Abstract
Objective
To study the relationship among brain natriuretic peptide (BNP), cholesterol and lipoprotein.
Design
A retrospective, cross-sectional study.
Setting
Tokushima University Hospital area.
Patients
A retrospective study of 46 patients (nine inpatients and 37 outpatients) with angina pectoris or arrhythmias who were seen at Tokushima University Hospital Cardiovascular Division and had measurements of their BNP, fatty acid and lipid profile. The average age of patients was 57±17 years, and 39% were male subjects.
Main outcome measures
BNP, dihomo-γ-linolenic acid, arachidonic acid, eicosapentaenoic acid (EPA), docosahexaenoic acid (DHA), apolipoproteinA1, apolipoprotein A2 (ApoA2), apolipoprotein B (ApoB), apolipoprotein C2, apolipoprotein C3, apolipoprotein E, total cholesterol (TC), triglyceride, high density lipoprotein cholesterol and low density lipoprotein cholesterol.
Results
The baseline characteristics of the patients were shown in table 1 and the data of lipoprotein were shown in table 2. Table 3 shows the relationship among BNP, cholesterol and lipoprotein.
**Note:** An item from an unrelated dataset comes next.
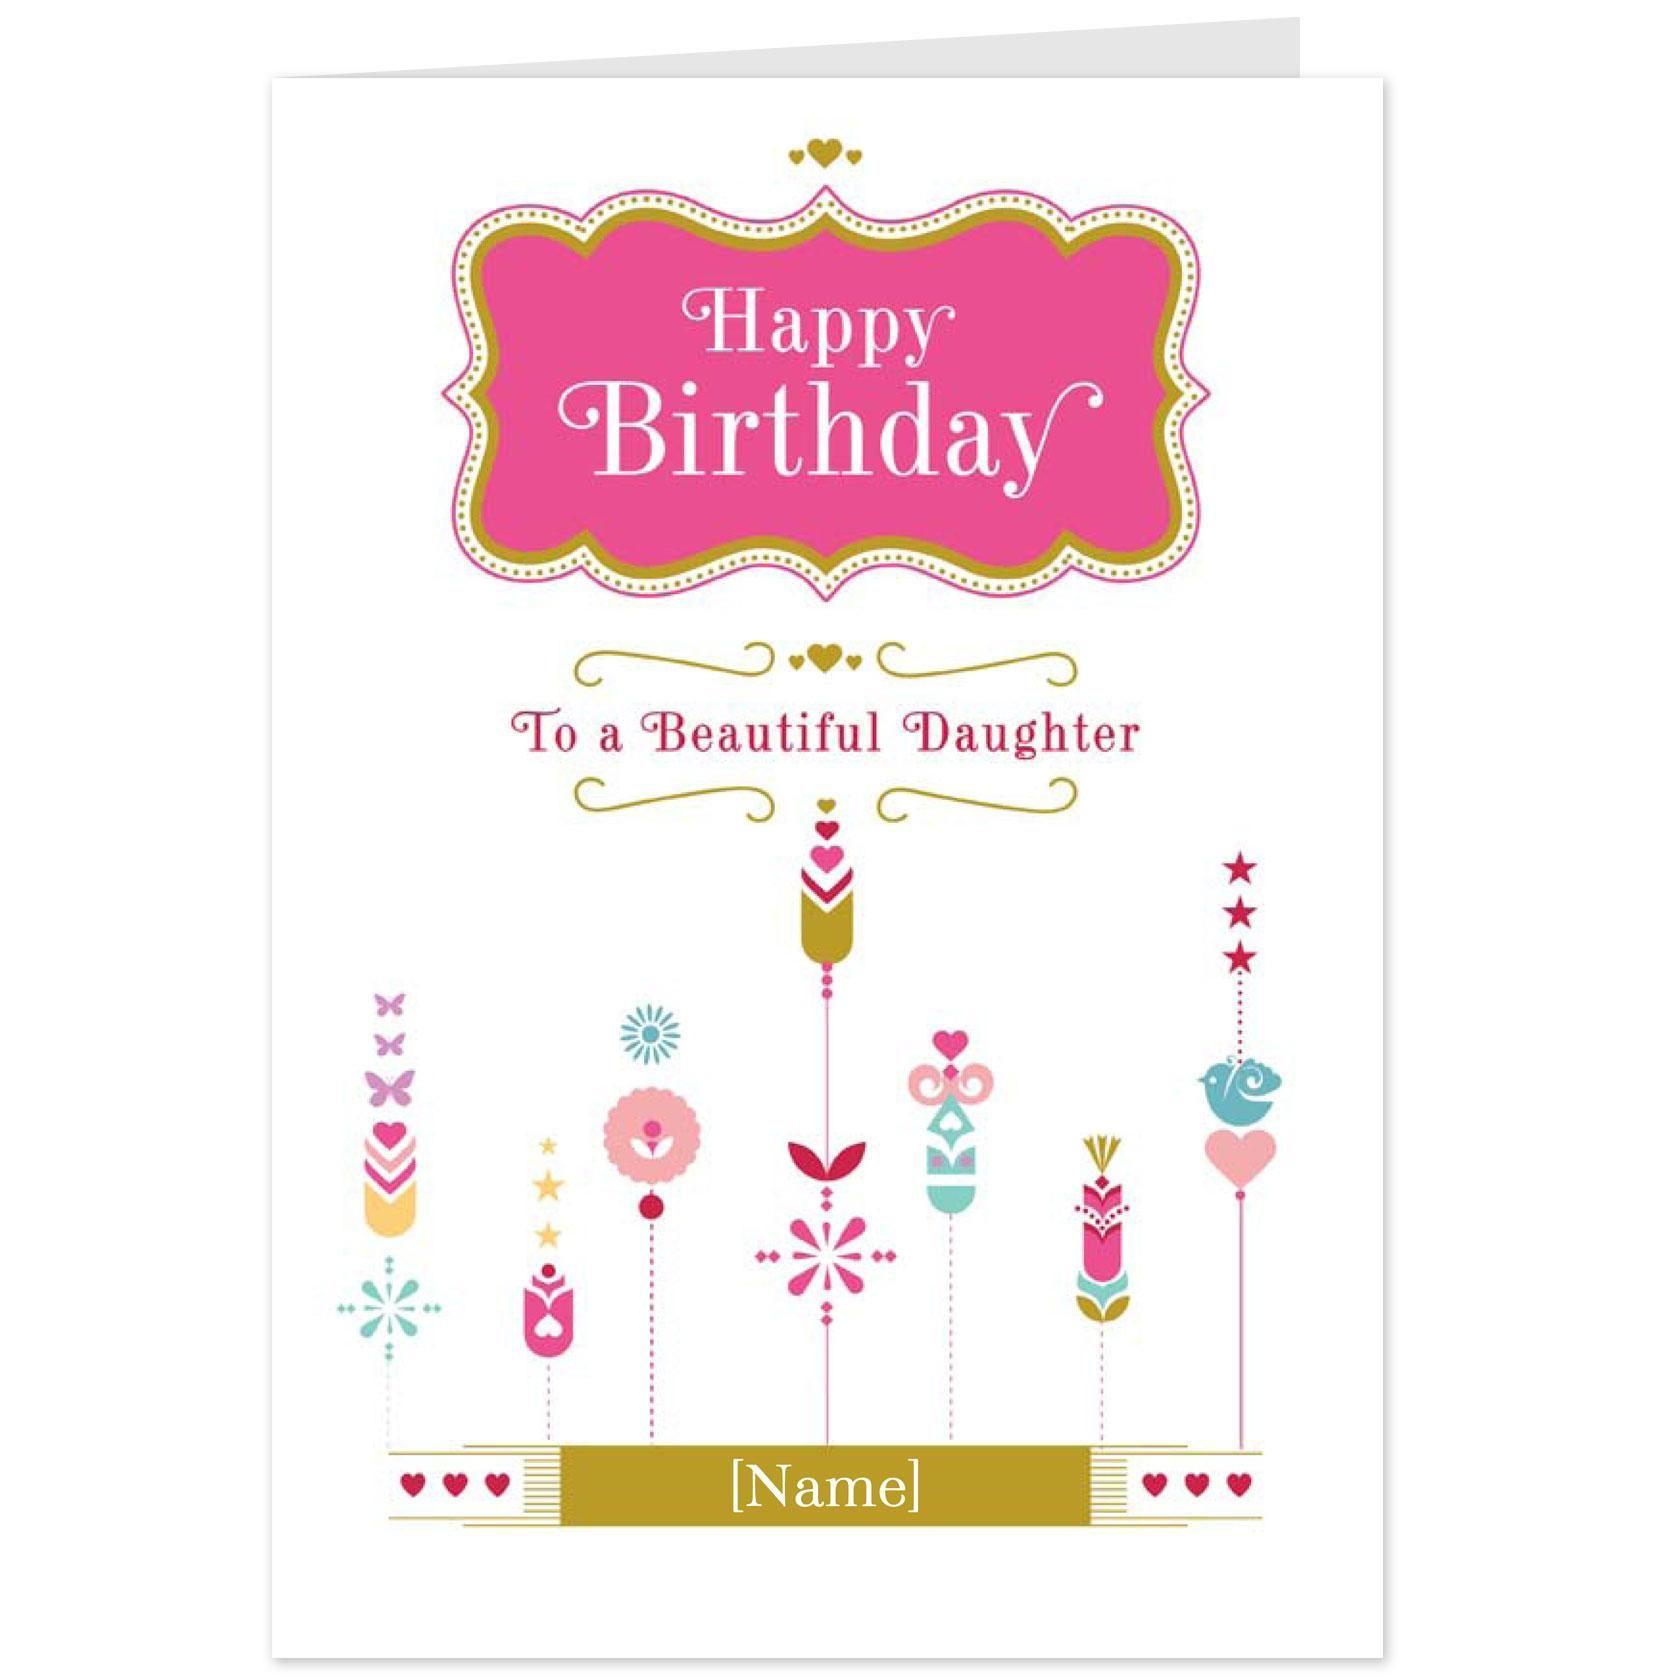 Free Printable Hallmark Birthday Cards | My Birthday - Free Printable Hallmark Cards

The authors found significant negative correlation between serum levels of BNP and ApoA2 (figure 1; r=−0.458, p=0.001), serum levels of BNP and ApoB (figure 2; r=−0.328, p=0.026) and serum levels of BNP and TC (figure 3; r=-0.383, p=0.010). There is a possibility that dietary EPA and DHA may modulate cardiac mitochondrial and autonomic nervous system dysfunction via fatty-acids-PPARs-PTEN-PI3K/Akt-SREBPs system and affect serum BNP levels indirectly.
Conclusion
BNP had significant negative correlation with ApoA2, ApoB and TC. The findings suggest that increasing serum levels of ApoA2, ApoB and TC may have an effect on improving heart function. But the mechanism is presently unclear.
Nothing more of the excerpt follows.